In a third aspect, a third embodiment of the present invention provides an apparatus for creating a face generation model, including:

the system comprises a sample acquisition module, a training set acquisition module and a training set acquisition module, wherein the sample acquisition module is used for acquiring an original side face image with a single visual angle in the training set;

the first extraction module is used for acquiring a three-dimensional vertex matrix and first posture information of the face according to the original side face image;

the second extraction module is used for mapping the three-dimensional vertex matrix and the first attitude information to a two-dimensional space to obtain first texture information;

the artifact image acquisition module is used for acquiring a front face image with an artifact and a side face image with the artifact through the three-dimensional vertex matrix, the first posture information and the first texture information;

the generating module is used for inputting the front face image with the artifact and the side face image with the artifact into a generating network to generate a front face image without the artifact and a side face image without the artifact;

the identification module is used for inputting the original side face image and the side face image without the artifact into an identification network to obtain a loss function value;

and the training module is used for training the generation network and the identification network by taking the minimum loss function value as a target to obtain the face generation model.

In a fourth aspect, a fourth embodiment of the present invention provides a face generation apparatus, including:

the acquisition module is used for acquiring a side face image with a single visual angle;

the first acquisition module is used for acquiring a three-dimensional vertex matrix and posture information of the face according to the side face image;

the second acquisition module is used for mapping the three-dimensional vertex matrix and the posture information to a two-dimensional space to obtain texture information of the side face image;

the artifact image generation module is used for obtaining a front face image with an artifact through the three-dimensional vertex matrix, the posture information and the texture information;

and the artifact eliminating module is used for inputting the front face image into a face generation model and generating the front face image without the artifact, wherein the face generation model is obtained by the method for establishing any one of the face generation models in the first aspect.

In a fifth aspect, a fifth embodiment of the present invention provides a computer device, comprising a memory and a processor, the memory storing a computer program, the computer program, when running on the processor, performing the method for building a face generation model as in the first aspect or the method for generating a face as in the second aspect.

In a sixth aspect, a sixth embodiment of the present invention provides a computer-readable storage medium having stored thereon a computer program which, when run on a processor, performs the method of building a face generation model as in the first aspect or the method of generating a face as in the second aspect.

The method for establishing the face generation model comprises the steps of acquiring an original side face image with a single visual angle in a training set, and acquiring a three-dimensional vertex matrix and first posture information of a face from the original side face image; mapping the three-dimensional vertex matrix and the first posture information to a two-dimensional space to obtain first texture information; obtaining a front face image with an artifact and a side face image with the artifact based on the three-dimensional vertex matrix, the first posture information and the first texture information; inputting the two images into a generation network to remove the artifacts, namely generating a front face image without the artifacts and a side face image without the artifacts; inputting the original side face image and the side face image without the artifact into an identification network to obtain the quality of the side face image without the artifact and indirectly obtain the quality of the generated front face image; and obtaining a loss function value through the side face image without the artifact and the original side face, and updating the training generation network and the identification network based on the minimized loss function value, thereby obtaining a trained face generation model.
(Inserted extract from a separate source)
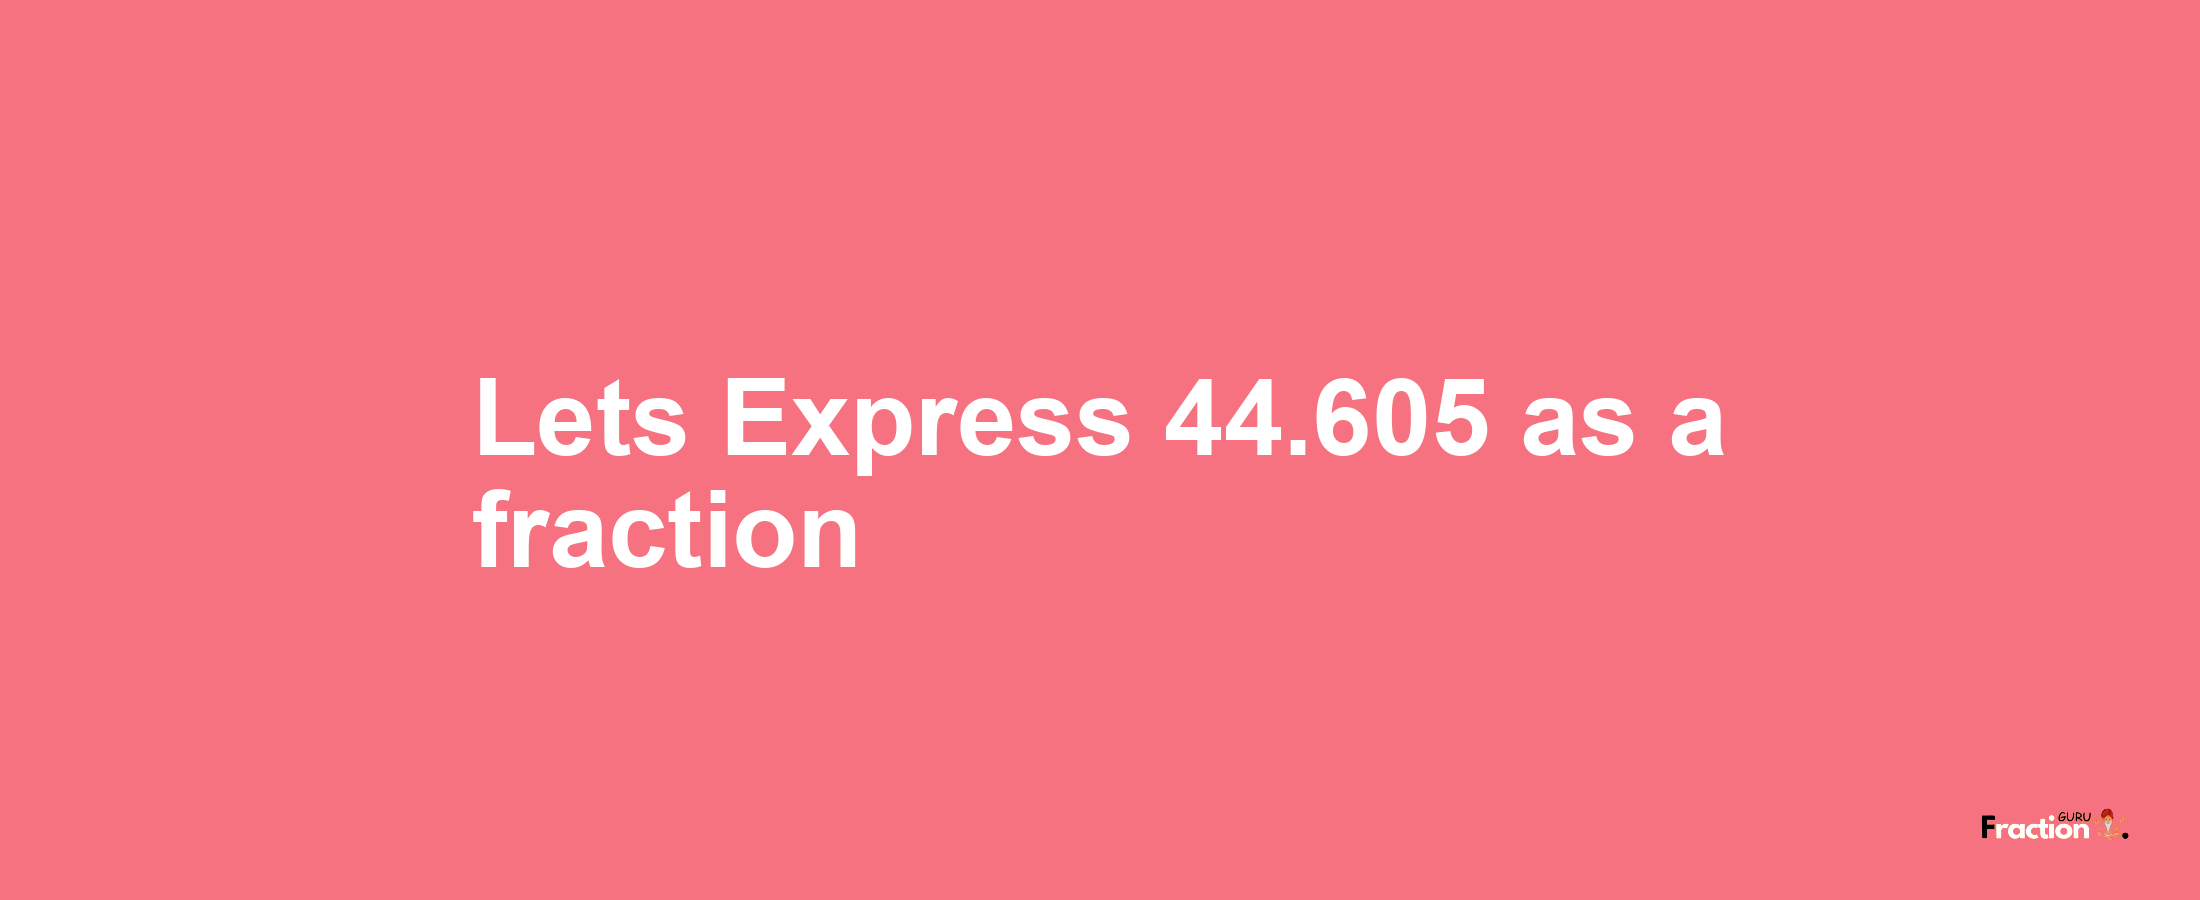 Lets Express 44.605 as afraction

The method for establishing the human face generation model provided by the invention utilizes the original side face image under the single view angle to generate the front face with the artifact and the side face with the artifact, utilizes the countermeasure network to eliminate the artifact in the two faces, and indirectly judges the generation effect of the front face through the quality of the side face. Based on the scheme, the invention provides the establishment method of the face generation model, which solves the problem that the generation of the face image on the front side is limited by the scale and the range of the data source, and the posture information of people in the image is also considered when the image is generated, so that the authenticity of the generated image is ensured; and the quality of the face on the front side is indirectly judged through the quality of the face on the side surface, so that the image generation effect is further improved.

Drawings

In order to more clearly illustrate the technical solution of the present invention, the drawings required to be used in the embodiments will be briefly described below, and it should be understood that the following drawings only illustrate some embodiments of the present invention, and therefore should not be considered as limiting the scope of the present invention. Like components are numbered similarly in the various figures.

FIG. 1 is a flow chart of a method for building a face generation model according to the present invention;

FIG. 2 shows a schematic diagram of a generated face with artifacts;

FIG. 3 is a schematic flow chart of S140 in the method for building a face generation model according to the present invention;

FIG. 4 is a schematic view showing another flow of step S140 in the method for building a face generation model according to the present invention;

FIG. 5 is a flow chart illustrating the generation of a front face without artifacts from a front face with artifacts;

FIG. 6 is a schematic flow chart of another method for building a face generation model according to the present invention;

FIG. 7 is a flow chart illustrating a face generation method of the present invention;

FIG. 8 is a schematic structural diagram of an apparatus for constructing a face generation model according to the present invention;

fig. 9 is a schematic structural diagram of the face generation device of the present invention.

Detailed Description

The technical solutions in the embodiments of the present invention will be clearly and completely described below with reference to the drawings in the embodiments of the present invention, and it is obvious that the described embodiments are only a part of the embodiments of the present invention, and not all of the embodiments.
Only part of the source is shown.